Privacy Policy

1. Introduction

Verdua ("we", "us", "our") is committed to handling personal data with care and in compliance with Malaysia's Personal Data Protection Act 2010 (PDPA). This policy explains what personal data we collect, how we use it, and the rights you have in relation to it.

This policy applies to all personal data collected through our website at verdua.biz, through our contact forms, and during the delivery of our advisory services to clients.

Questions about this policy may be directed to: [email protected]

2. Personal Data We Collect

We collect personal data in the following ways:

• Contact forms: name, email address, phone number (optional), and message content when you submit an enquiry through our website.
• Service delivery: business contact details, organisational information and operational data provided by clients during advisory engagements.
• Cookies and analytics: website usage data collected through essential and optional analytics cookies (see Section 5).

Legal basis for processing

We process personal data on the following bases under the PDPA 2010: (a) consent, where you have provided it; (b) performance of a contract, where data is necessary to deliver agreed advisory services; and (c) legitimate interests, where we have a genuine business need that does not override your rights.

Retention periods

Contact enquiry data is retained for up to 24 months from the date of collection. Client engagement data is retained for up to 7 years from the end of an engagement for legal and audit purposes, after which it is securely deleted.

3. How We Use Your Data

• To respond to enquiries and proposals submitted through our contact form
• To deliver advisory services under a client engagement agreement
• To send relevant updates or information where you have consented to receive these
• To improve our website based on aggregated analytics data
• To comply with legal obligations under Malaysian law

We do not sell personal data to third parties. We do not use personal data for automated decision-making.

Third-party data sharing

We may share data with third-party service providers who assist us in operating our website or delivering services (for example, website hosting providers or communication platforms). These parties are bound by confidentiality obligations and may only use data as instructed. We may also disclose data where required by Malaysian law or a court order.
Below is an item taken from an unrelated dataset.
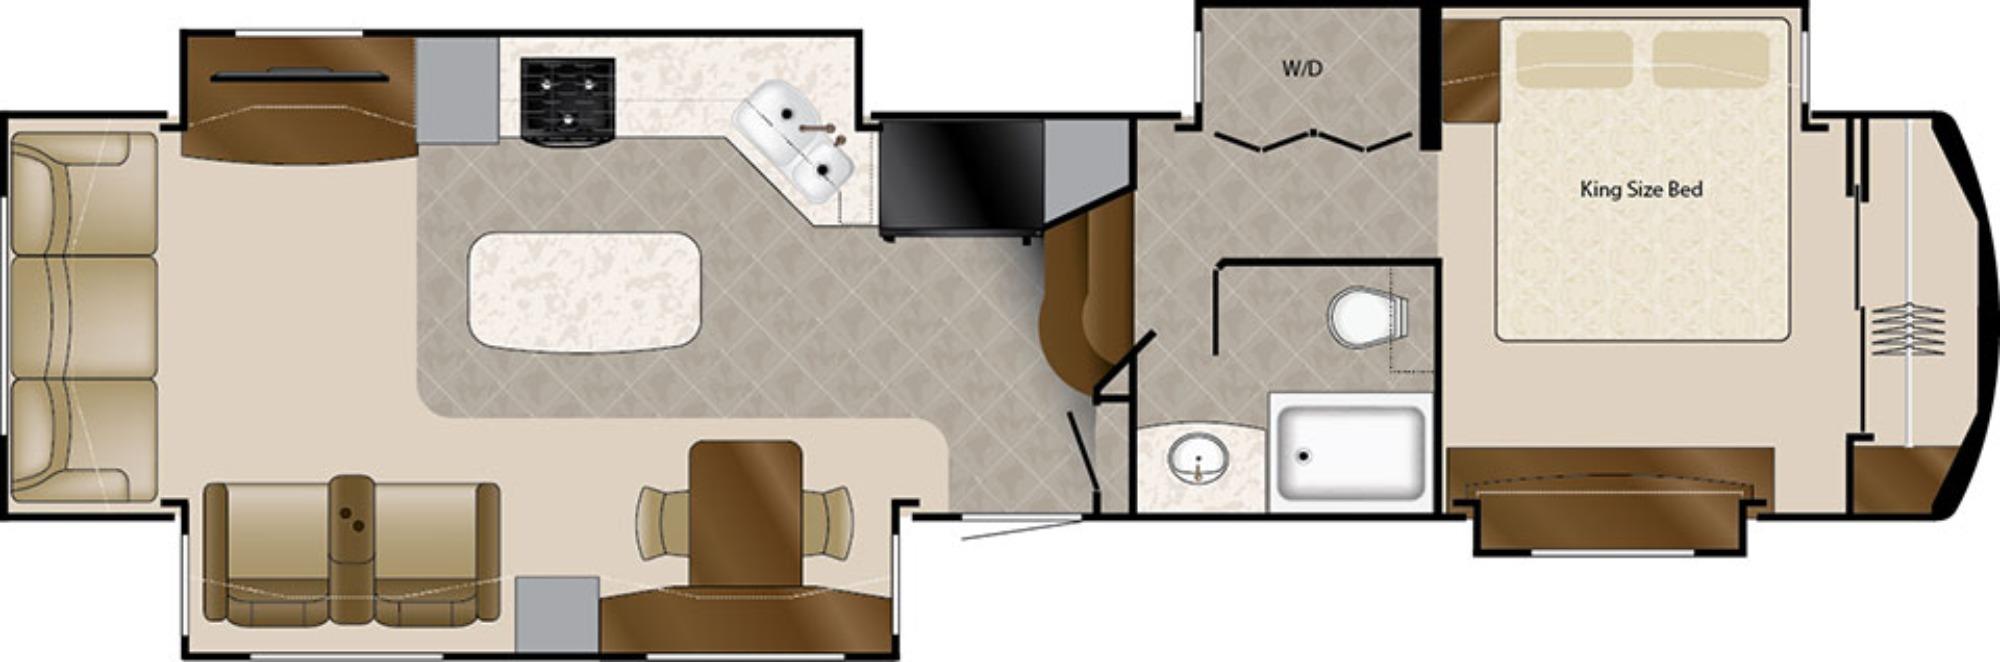 View Floor Plan for 2018 DRV LUXURY SUITES MOBILE SUITES 40KSSB4

4. Data Protection Measures

• Website data is transmitted over encrypted HTTPS connections
• Internal systems are access-controlled and restricted to relevant team members
• Client engagement files are stored in password-protected environments
• In the event of a data breach, we will notify affected individuals and the relevant authorities as required under the PDPA 2010
• We conduct periodic reviews of our data handling practices

5. Cookies

Our website uses essential cookies necessary for basic site operation, and optional analytics cookies to understand how the site is used. You can manage your cookie preferences at any time. For full details, please see our Cookie Policy.

We may use Google Analytics or similar services to collect aggregated, anonymised usage data. This data does not identify individual visitors.

6. Your Rights

Under Malaysia's Personal Data Protection Act 2010, you have the following rights in relation to personal data we hold about you:

• Right of access: to request a copy of the personal data we hold about you
• Right of correction: to request correction of inaccurate personal data
• Right to withdraw consent: where processing is based on your consent, you may withdraw it at any time
• Right to limit processing: to request that we stop using your data for certain purposes
• Right to lodge a complaint: with the Department of Personal Data Protection Malaysia if you believe your rights have been breached

To exercise any of these rights, contact us at [email protected]. We will respond within 21 days as required under the PDPA 2010.

7. Third-Party Links

Our website may contain links to external websites. We are not responsible for the privacy practices of those sites and recommend reviewing their policies independently before providing personal data.

8. Children's Privacy

Our services are directed exclusively at businesses and their representatives. We do not knowingly collect personal data from individuals under the age of 18. If you believe a minor has submitted personal data to us, please contact us and we will delete it promptly.

9. Changes to This Policy

We may update this policy from time to time. Material changes will be noted on this page with an updated date. Continued use of our website after changes are posted constitutes acceptance of the revised policy.